Since his military coup in July 1989, Bashir ruled the country with an iron fist using every trick in the book to stay in power. The Sudanese people’s struggle against the tyrannical dictatorship started from day one and the answer has always being the same. In Darfur alone, regime genocide and ethnic cleansing claimed the lives of over 200 thousand (only 10 thousand by Bashir’s own admission). An arrest warrant for Bashir was issued by the International Criminal Court in 2009, which itself became a card used to blackmail the regime by Western imperialist governments, until it was no longer effective and the UN Security Council didn’t mention it any more. Now Bashir is allowed to travel freely from South Africa to Russia, China, the Middle East etc.
Under attack
Meanwhile civil struggle met a different fate: trade unions were dissolved from the start; leaders and members including communists, socialists and democrats were dismissed from their jobs in tens of thousands. Civil strikes were banned and some resulted in arrests, torture and deaths as in the case of the late Dr. Ali Fadul, the Doctors Union president in 1990 who was tortured to death for organising a doctor’s strike. Civil peaceful demonstrations in September 2013 were met with brutal crackdown from the start – over 270 unarmed protesters were gunned down in just 5 days. And all this met with an international silence and indifference.

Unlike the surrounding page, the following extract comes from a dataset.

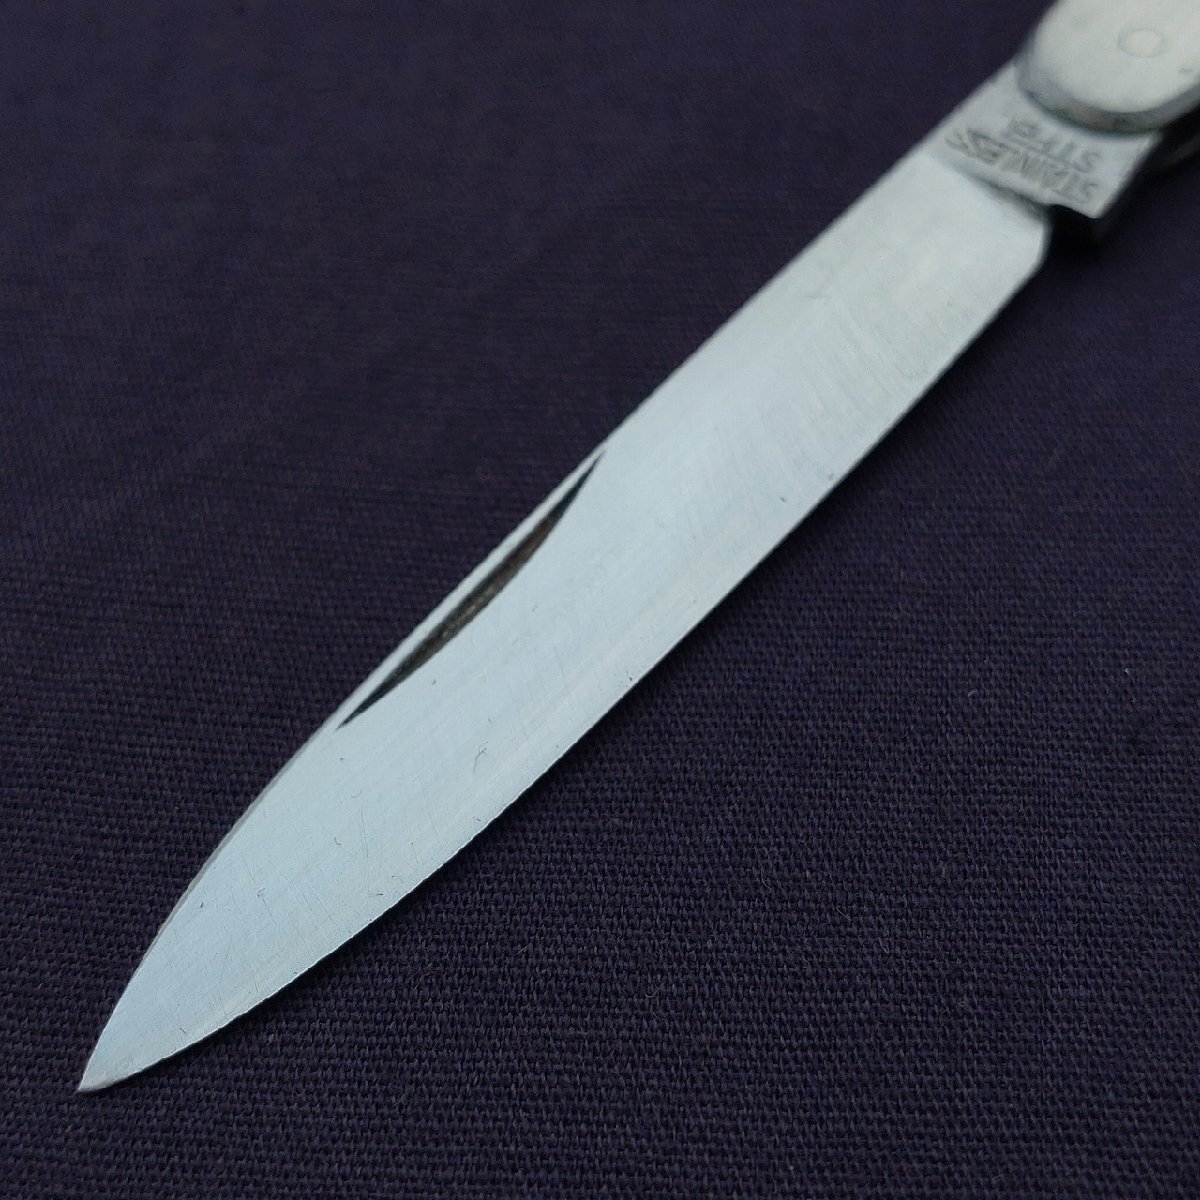 折り畳みナイフ 刃長約54㎜ 全長約142㎜ 小型ナイフ 携帯用刃物 【7189】の画像3

The popular experience in Sudan is diverse and rich, Sudanese people managed to revolt and change the regime through civil struggle twice before, in October 1964 and April 1985. Also the December revolution is different from previous uprisings in many areas. First it’s going on in almost every city with unprecedented unity from all sectors, morale is sky high and there has been a strong determination evident to continue the protest despite losses and brutality for over two weeks now. We will continue until we change the regime, bring justice to its long list of victims in almost every corner of Sudan, and build our true democracy and social reforms. Solidarity protests have taken place in Dublin, Philadelphia, Edmonton, Toronto, San Antonio and beyond. In their tens and hundreds, ordinary people have taken to the streets to demand their government takes action.
There has never been a time when we needed solidarity from outside world more than now.